## Problem to solve
When copying the listing below, skip every picture and repeat exactly the lines from the first one through the line that contains "Un moniteur de".

## Data block
--------------------

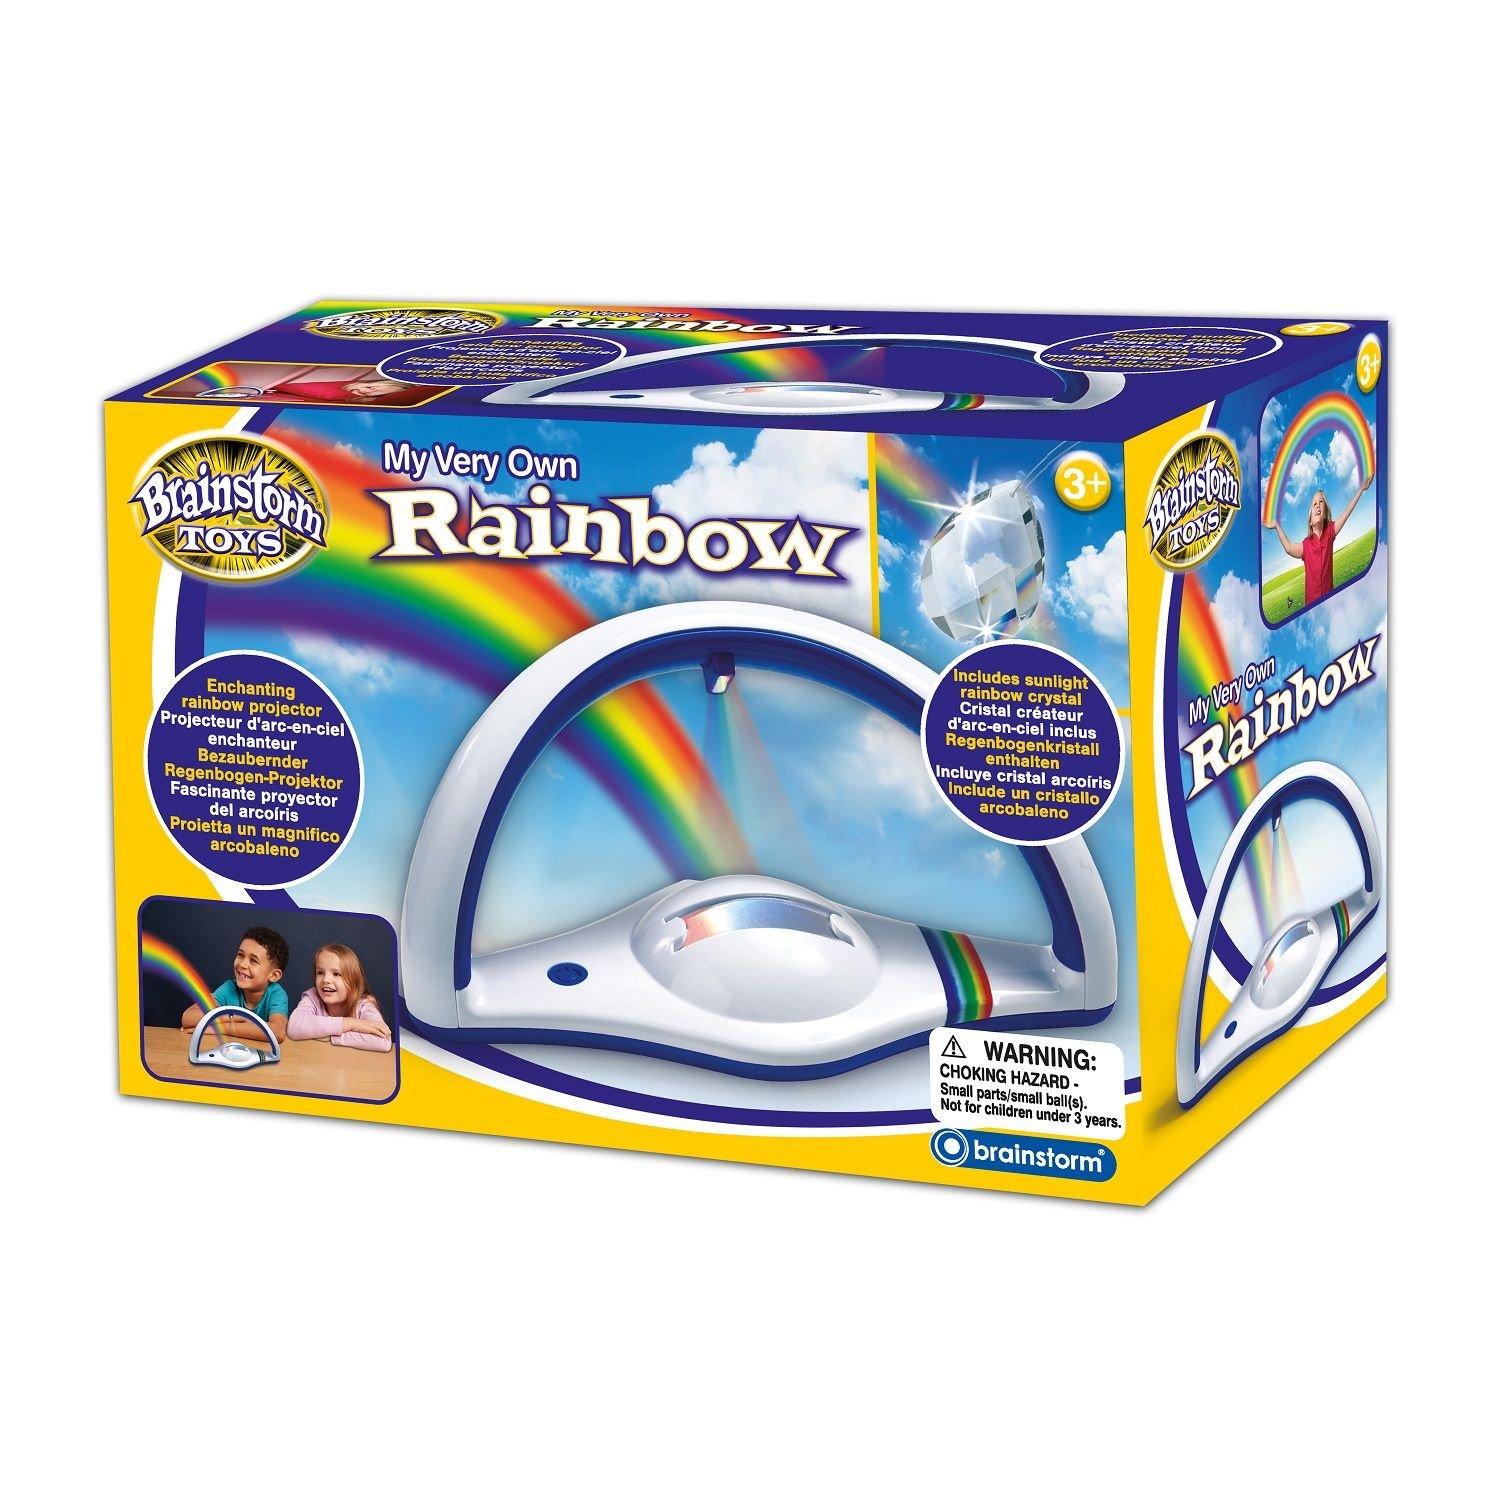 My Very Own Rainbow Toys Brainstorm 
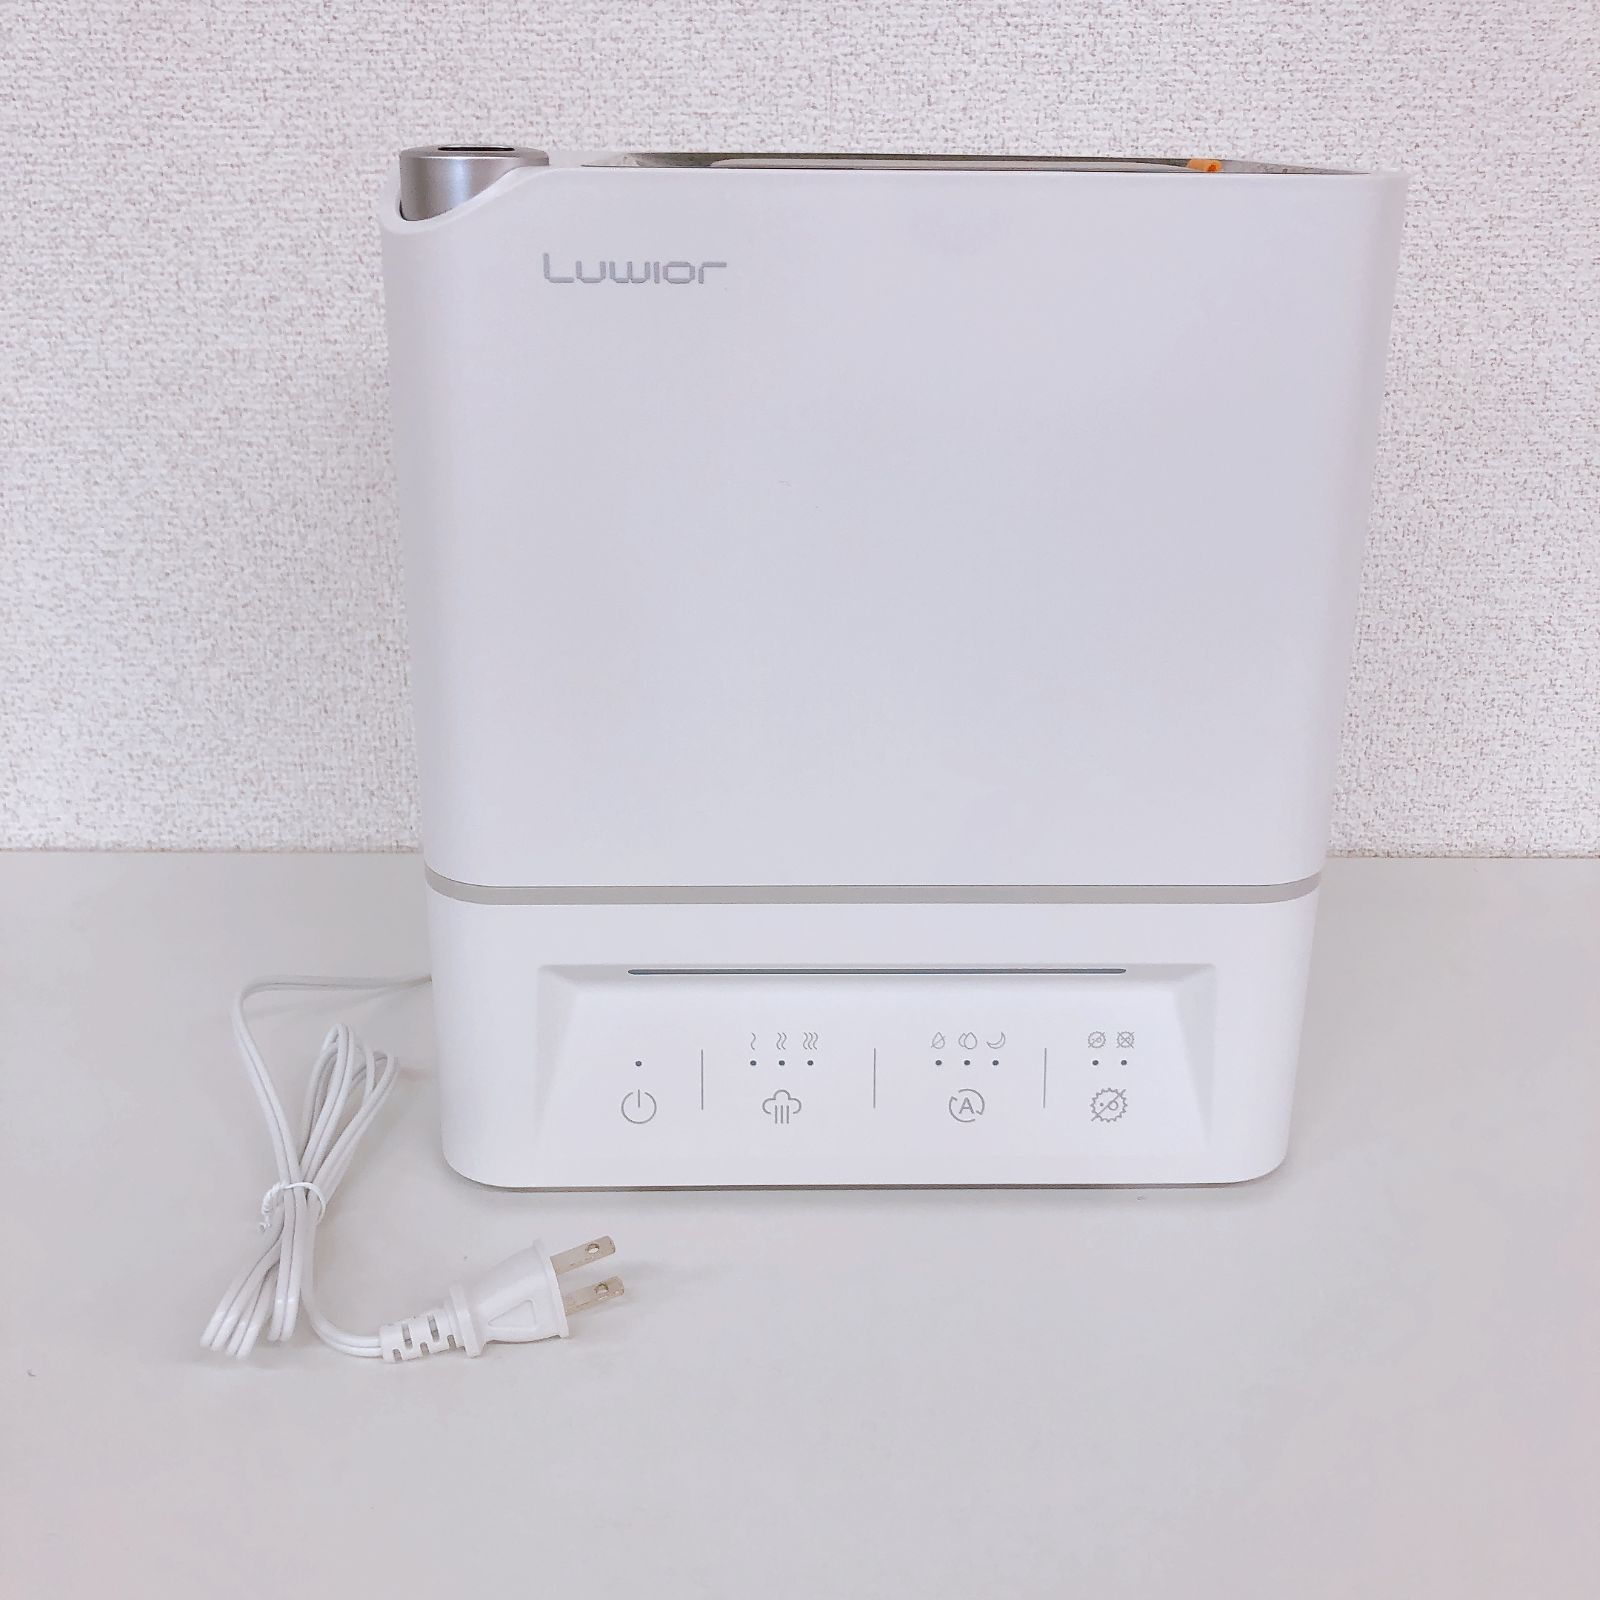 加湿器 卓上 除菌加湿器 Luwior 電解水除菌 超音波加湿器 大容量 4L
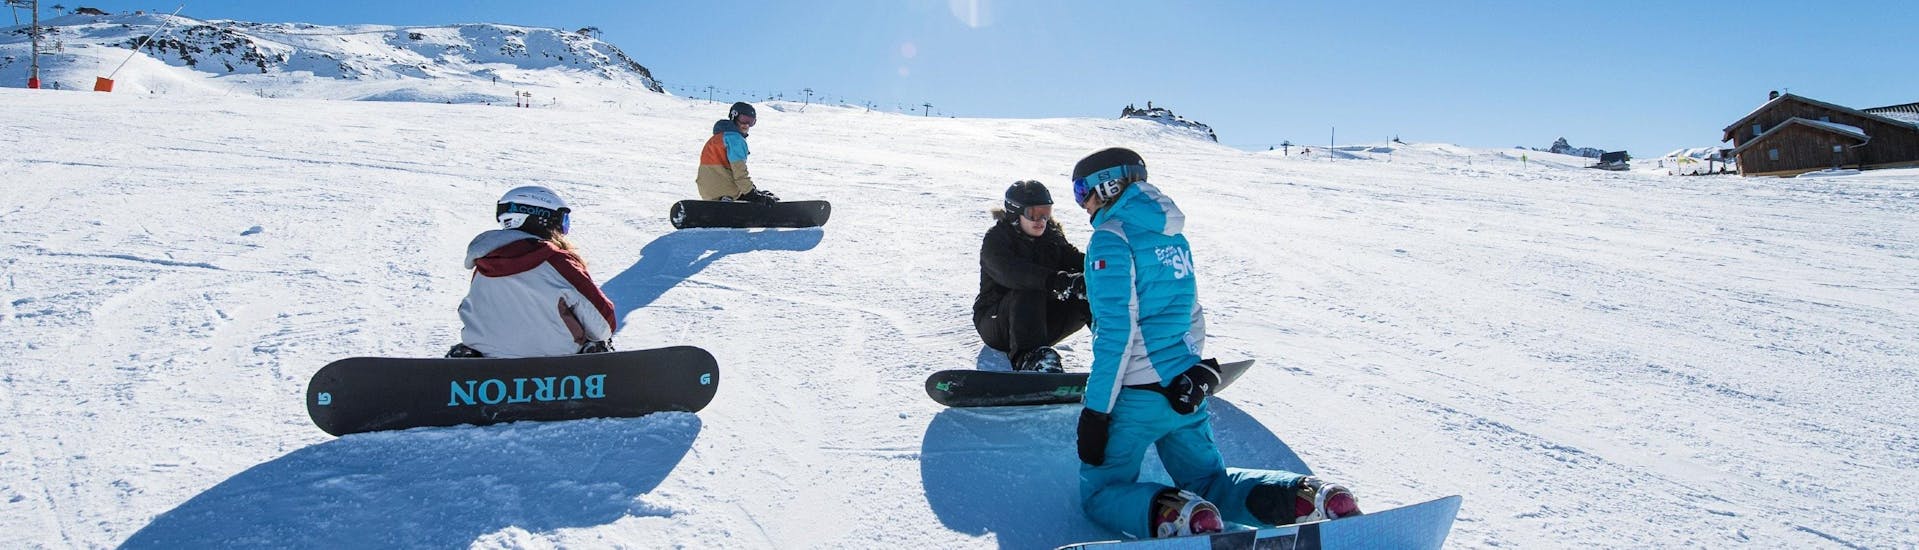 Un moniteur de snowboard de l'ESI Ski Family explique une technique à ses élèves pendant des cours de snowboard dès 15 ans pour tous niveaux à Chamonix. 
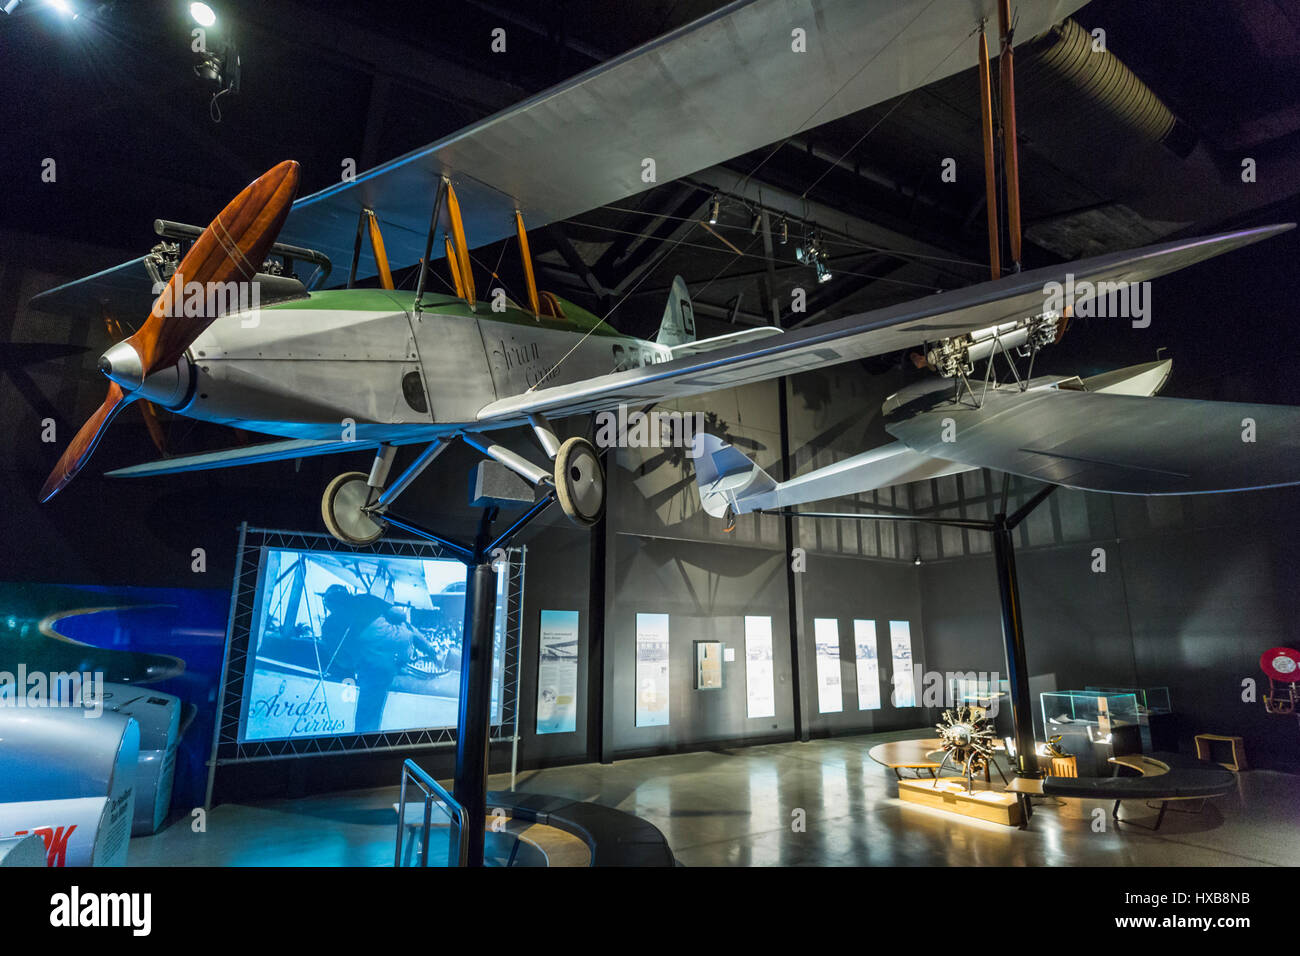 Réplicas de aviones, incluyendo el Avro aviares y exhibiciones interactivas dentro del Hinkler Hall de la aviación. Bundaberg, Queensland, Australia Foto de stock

--------------------

## Response box
 My Very Own Rainbow Toys Brainstorm 
 加湿器 卓上 除菌加湿器 Luwior 電解水除菌 超音波加湿器 大容量 4L
 Un moniteur de snowboard de l'ESI Ski Family explique une technique à ses élèves pendant des cours de snowboard dès 15 ans pour tous niveaux à Chamonix. 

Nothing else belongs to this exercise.